Alf that was the only link that worked for me. 
and I haven't used the link from google yet, I'm letting sleeping dogs lie.


----------



## SketchUp Guru

I'd give that rocker a try but I'd need more information that I can get from that little picture. If he wants me to draw it in SketchUp I'll need dimensions. Maybe he'd like to send me his plans. 

His challenge is pretty much worthless if he's asking his chair to be duplicated in SketchUp without providing the dimensions. I could give him a list of things to draw in his CAD program that he couldn't come close to completing unless I also provided him with the dimensions. :roll: 

None of that makes SketchUp unsuited to use by woodworkers as he seems to insinuate.

DW--I'm glad you got your download troubles straightened out.


----------



## devonwoody

Dave R
I'll ask Rocker to email you with his email address,(Rocker is an aquaintance of mine so I have his private address.)
or vicer verser.


----------



## Steve Maskery

Shady":2f3dol2h said:


> I reckon Steve could generate that rocker in about 10 minutes, if his 'insti-router' is any indication...



I wish!

Actually a rocker is on my wish list.
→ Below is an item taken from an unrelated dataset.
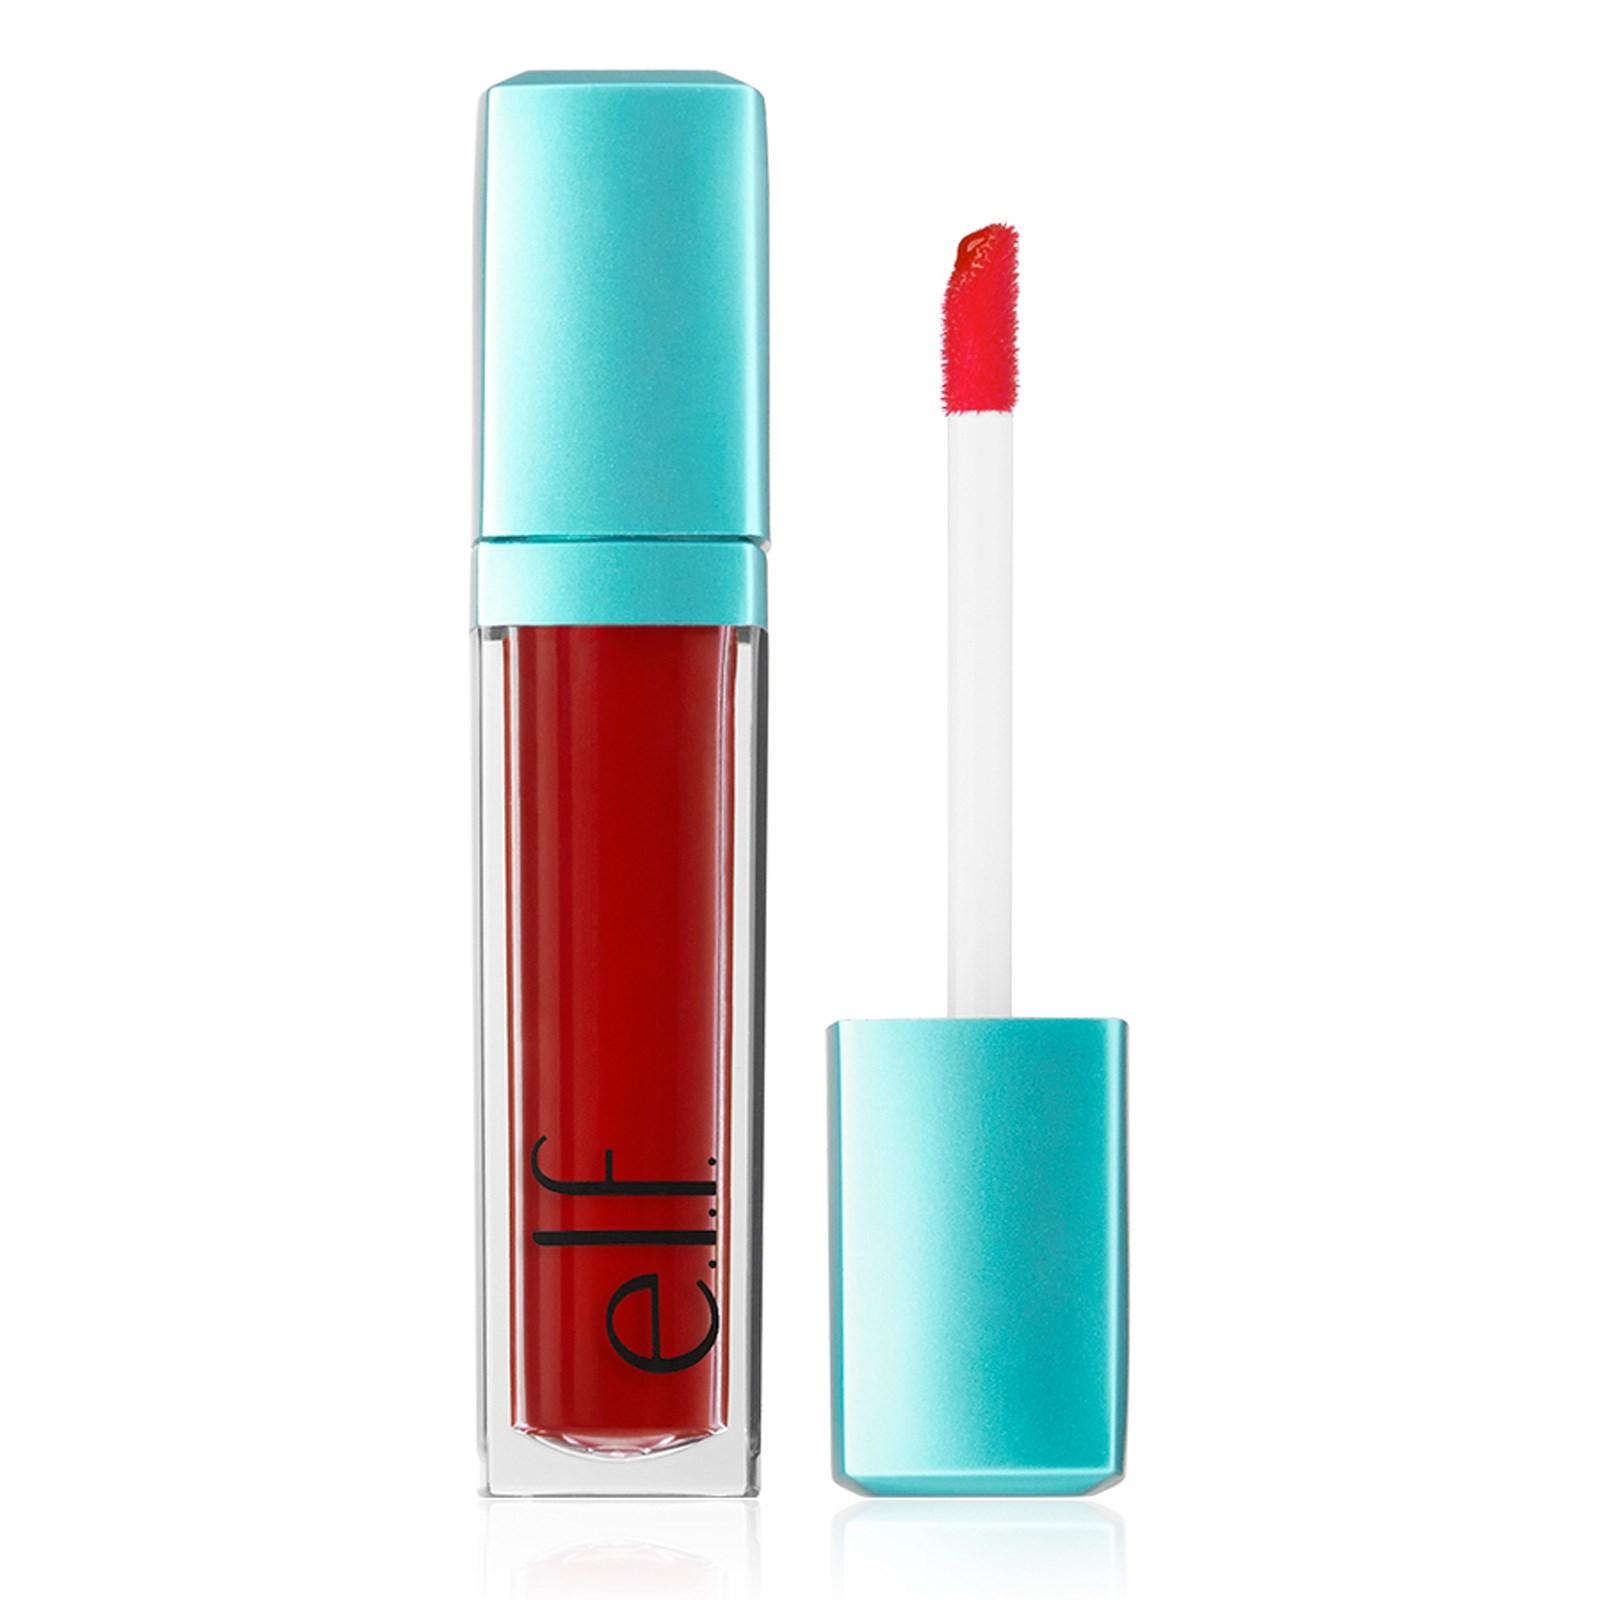 E.L.F. Cosmetics, Водная красота, сияющий оттеночный гель для губ, Red Orange Wash, 0,20 ж. унц. (6 мл)

My wife bought a garden steamer chair cheap at the end of last summer, with a view to having that in the garden, and a "proper" one made in ash for the lounge. But having used it, she reckons a rocker (our original plan) was the better option.

I've always liked Sam Maloof's chairs, though some are starting to look a bit dated now, and with the picture of the Australian one (Mr Dundas, I believe) and the guy who designed Chris's (whose name excapes me - Hal somebody?) I reckon I could come up with a pretty darned beautiful hybrid.

Getting it down on paper, however - now that is a real challenge. Especially, as Dave points out, without dimensional information. I have made attempts in the past at making Maloof-style backsplats like in my dining chairs, but the surface blends eluded me. I might have another go, now that I'm a bit more experienced in Sketchup.

As for time, that router took pretty much all day, but the bedroom chair only took me about 3 hours, once I'd decided on the actual curves (which I did in AutoCad).

The trouble with SketchUp is that it is positively addictive.

Cheers
Steve


----------



## Nick W

The problem with the chair is that it has lots of lovely curves, at which SU is not very good. As has been said before SU is not a full CAD system, and much more aimed at fast ... erm ... well ... _sketching _really. This is not to say that the chair can't be done (if I were to make such a statment I would no doubt be embarassed in short time by DaveR producing the model), but that in this case another piece of software would probably be more suitable/efficient (as hinted at by Steve's statment about using ACAD for his curves). But neither does it negate the fact that for the vast majority of the sort of work we do SU is one of the fastest and best tools to use.

So, assuming that while I've been writing this, Dave has posted the model, how long _did _it take Dave? :lol:


----------



## SketchUp Guru

Nick, sorry to disappoint but I've actually been working on a model for work instead. 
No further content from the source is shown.